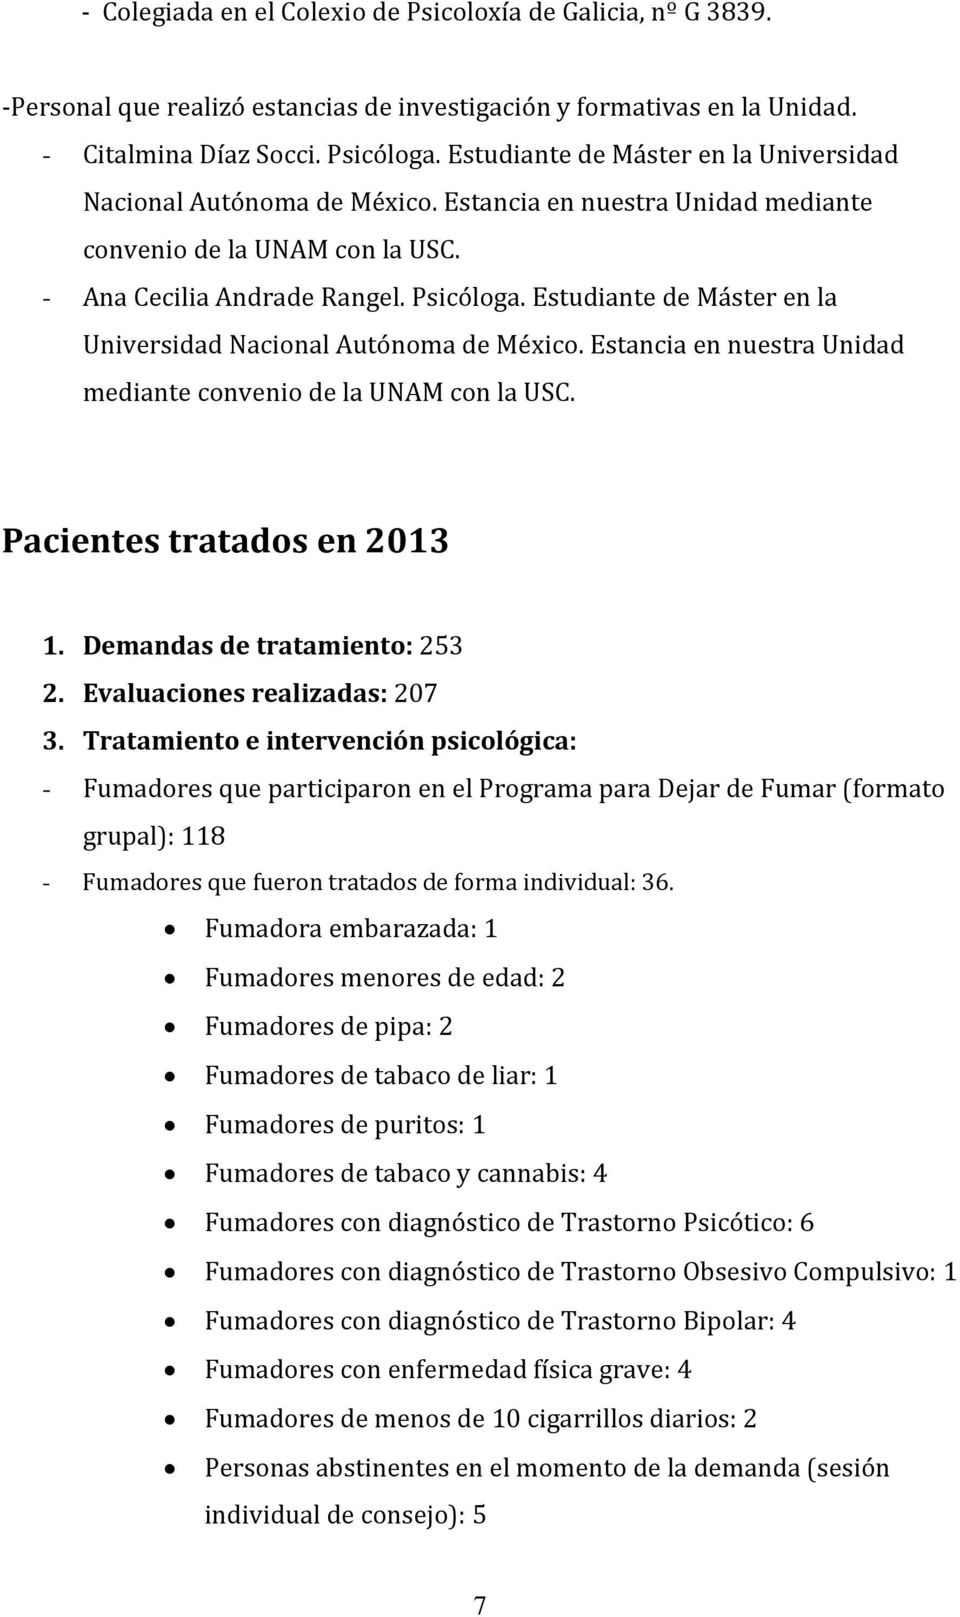 Estudiante de Máster en la Universidad Nacional Autónoma de México. Estancia en nuestra Unidad mediante convenio de la UNAM con la USC. Pacientes tratados en 2013 1. Demandas de tratamiento: 253 2.
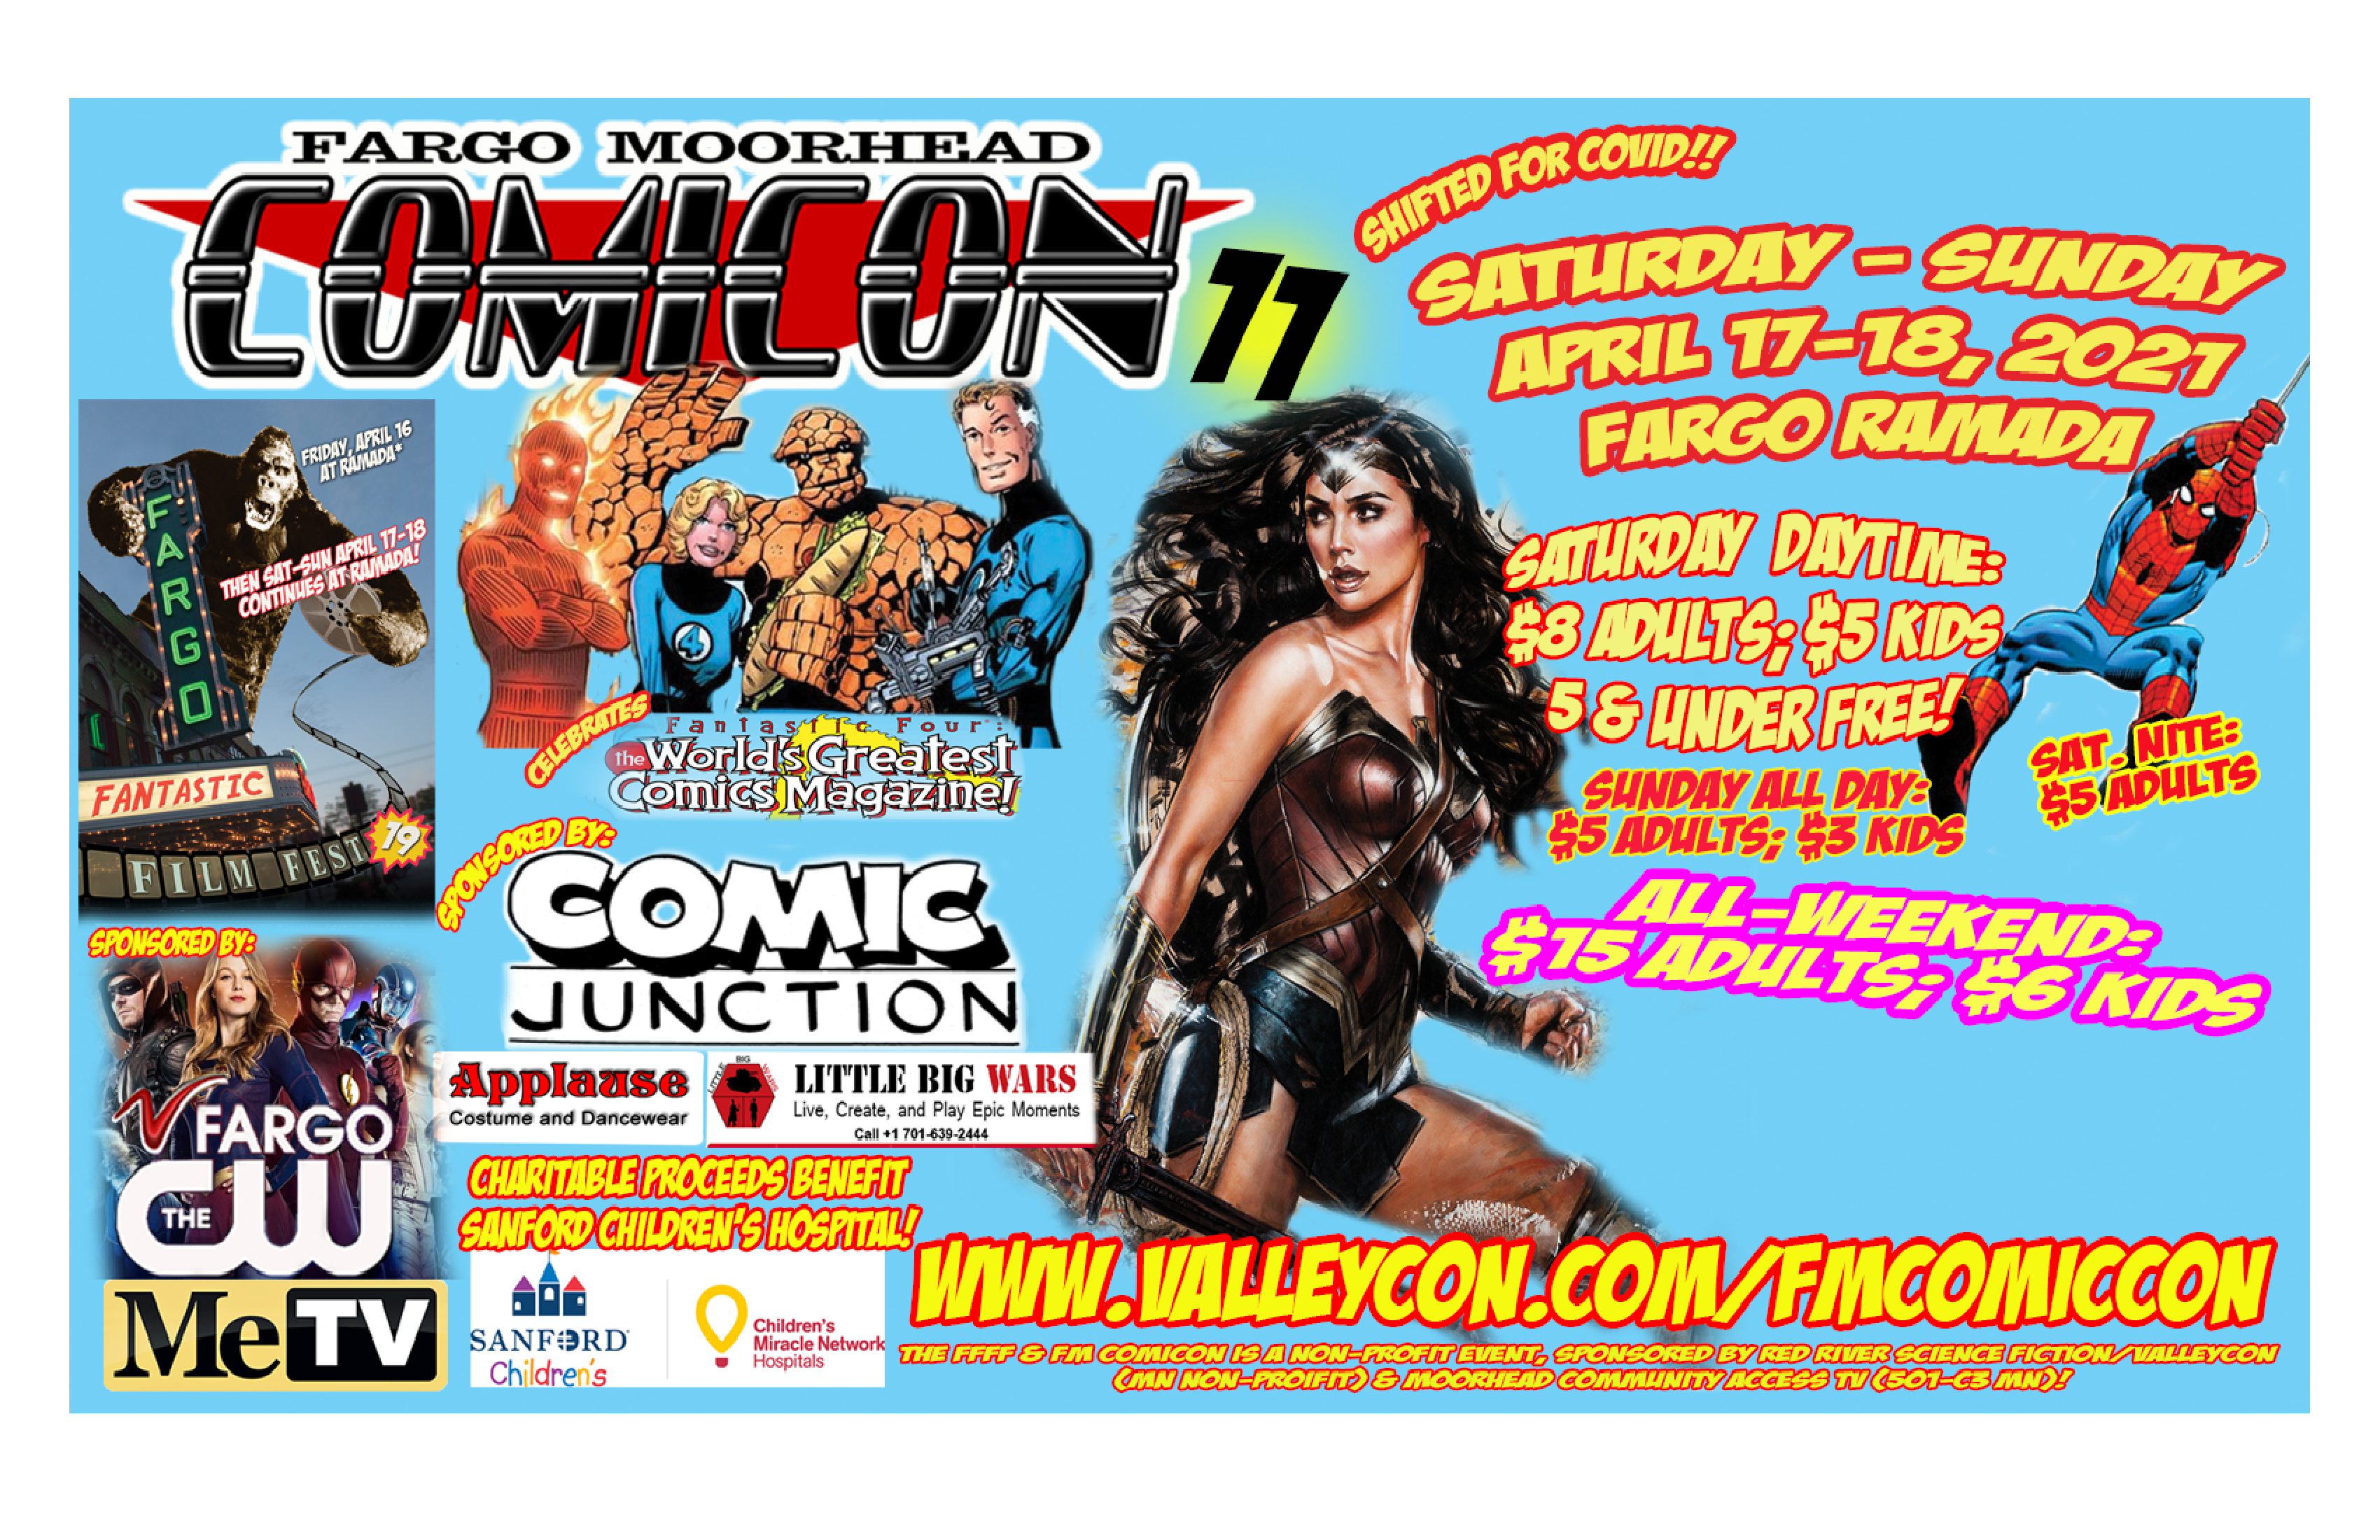 Fargo Moorhead Comic Con poster logo
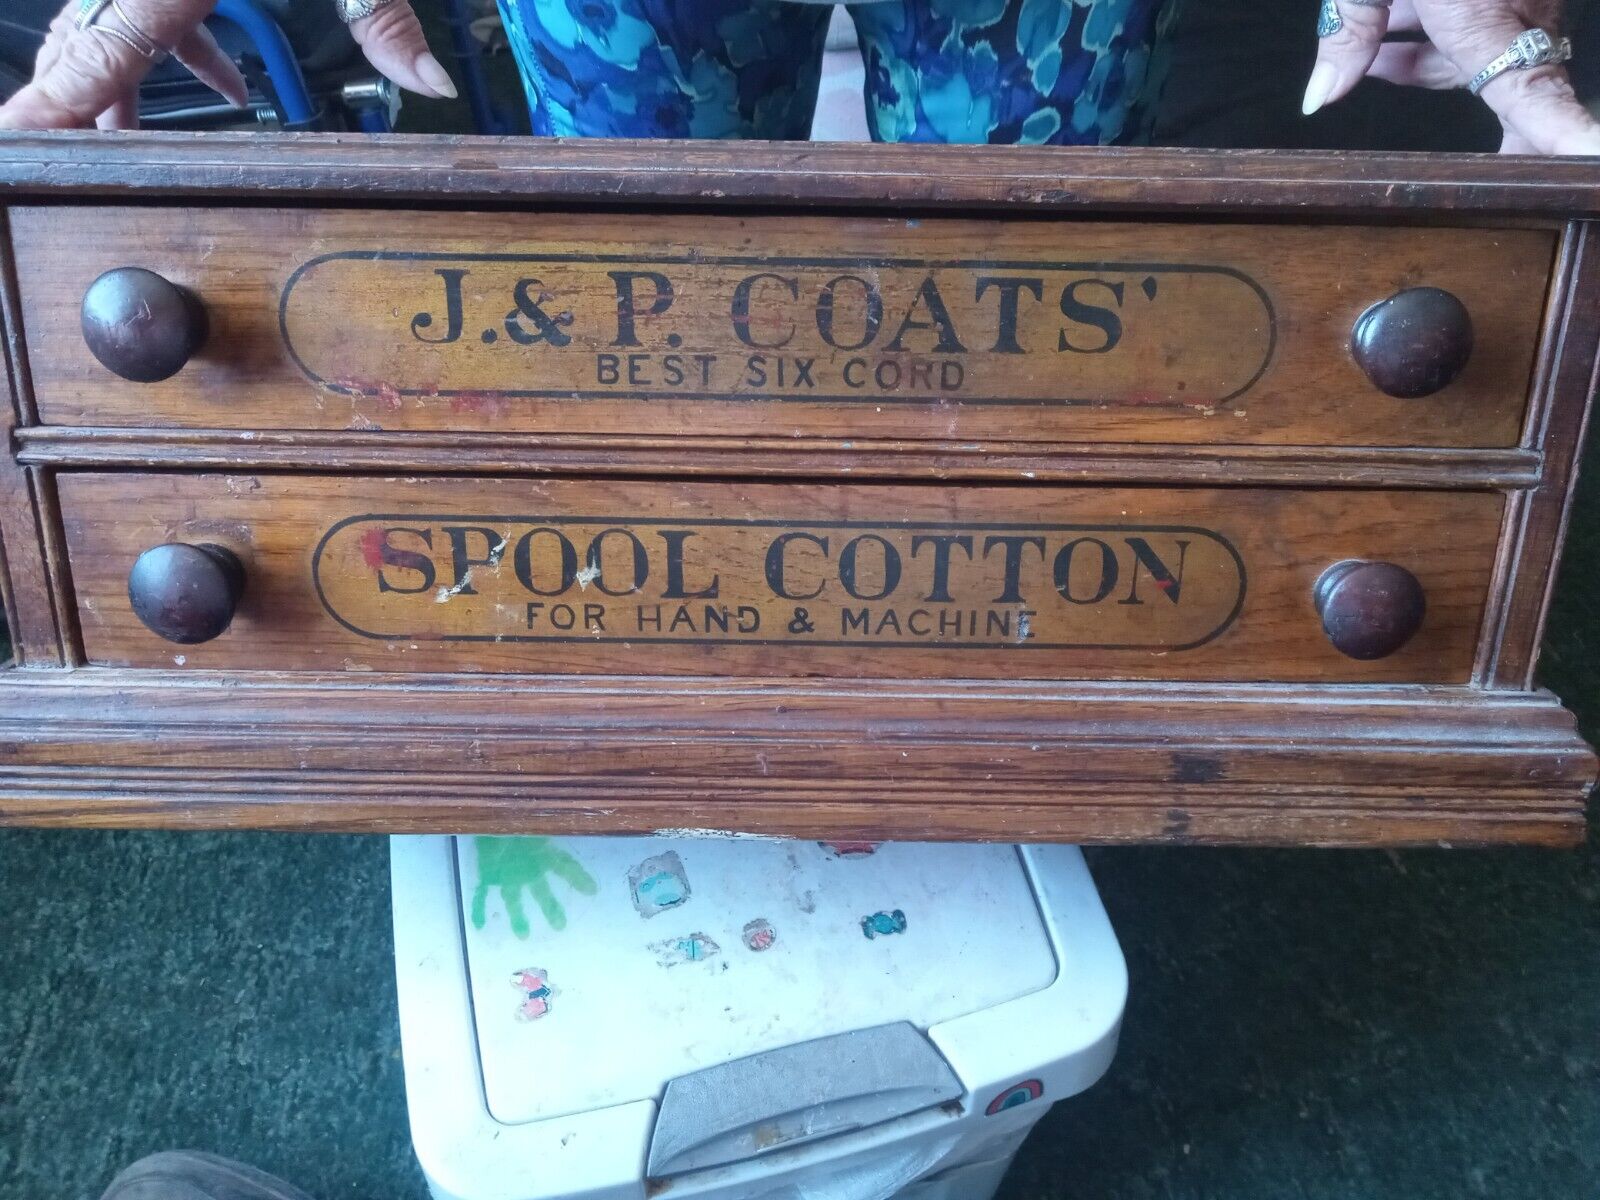 Vintage Wood Sewing Box

■ ■ ■

__YOUR TASK__
Return only what lies between the line containing "Fargo Moorhead Comic Con poster logo" and the last line of the listing, those two lines included, exactly as written and with no pictures.

__RESULT OF THIS EXERCISE__
 Fargo Moorhead Comic Con poster logo
 Vintage Wood Sewing Box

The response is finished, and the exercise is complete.